The national identity card is critical to all aspects of life for Pakistanis seeking to interact with their government. According to the Post, it “contains one’s name, date of birth, photo, a thumbprint and religion.”

The lack of religious freedom for anyone but Muslims is extreme in Pakistan. Christians are persecuted, but Jews historically received even worse treatment. Anti-Semitism caused Jews to flee the nation after the Israeli War for Independence and that nation’s founding in 1948. It is believed that there were over a thousand Jews in Karachi seventy years ago. Now there are virtually none. Mr. Chowdry told the Post that “hundreds of Jews are now living secretly in Pakistan.”

Apparently, Mr. Benkald did not assert in his application that an outright religious conversion from Islam had taken place. In effect, he claimed that he was in a distinct, exceptional category: “Benkald argue[d] that he never left Islam because he was born to a Jewish mother and therefore ha[d] always been Jewish.” This is true as Jews would define the matter. For whatever reason, the authorities approved his application, but his troubles are far from over.

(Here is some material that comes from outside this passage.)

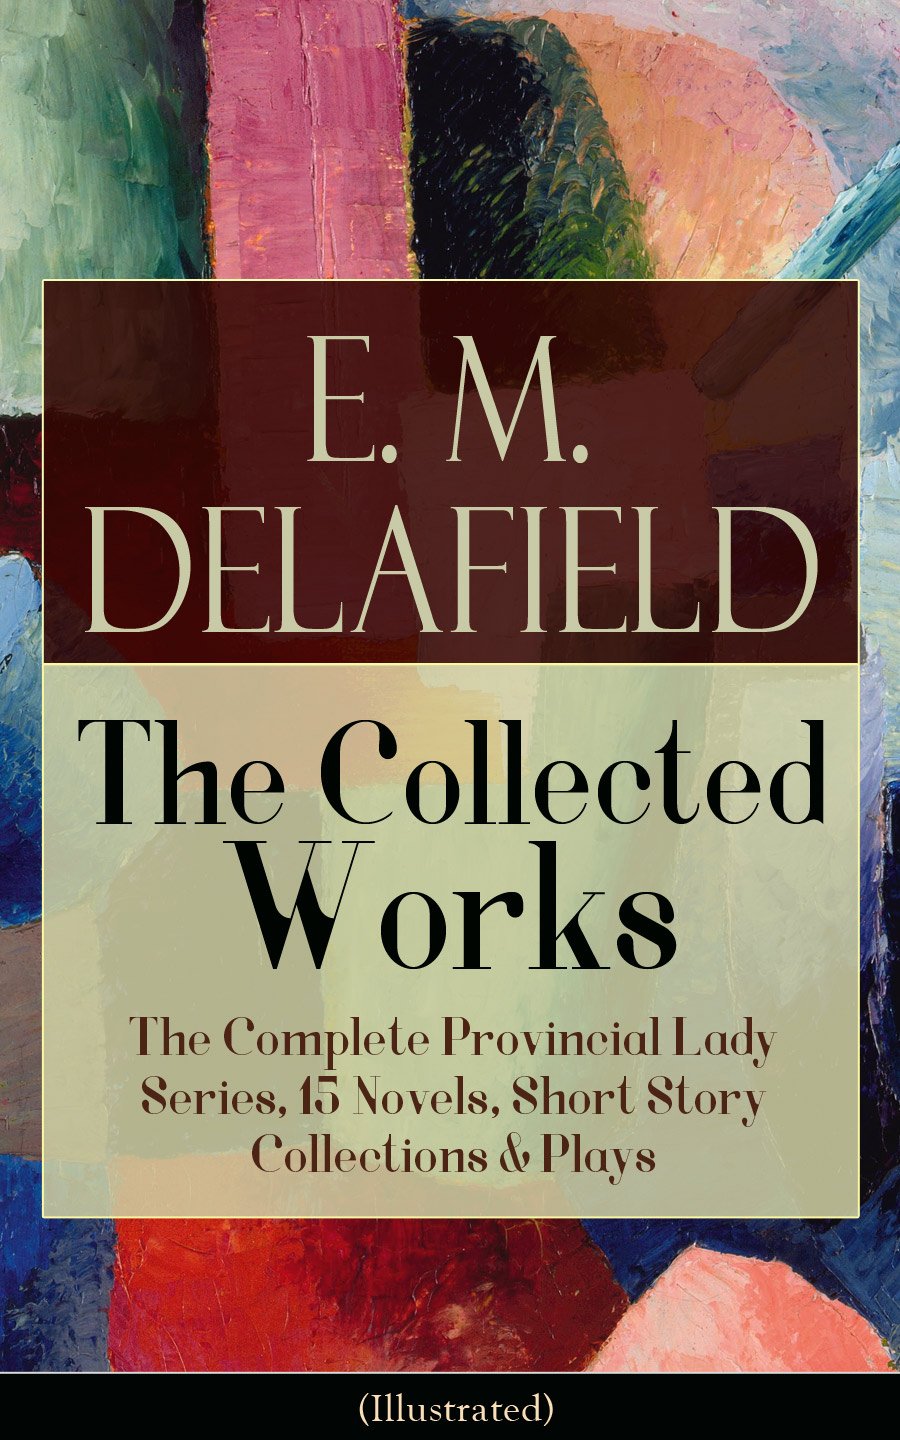 Short novels. Э М Делафилд. Diary of a Provincial Lady by e. m. Delafield. Э. М. Делафилд дневник провинциальной дамы. Pan books the Provincial Lady.

The Post noted a Fox News story that said “a 2010 Pew survey found that 76 percent of Pakistanis advocate the death penalty for leaving Islam.” Hopefully, he will be left in peace or somehow be able to seek refuge in Israel. That said, a country in which religious conversion holds a significant probability of death or injury is not a country that allows any appreciable religious liberty regardless of any constitutional rhetoric to the contrary.

In any case, one has to greatly admire Mr. Benkald’s amazing bravery while praying for his safety. Western nations who cherish religious freedom, as well as Israel, should keep an eye out for him and his family.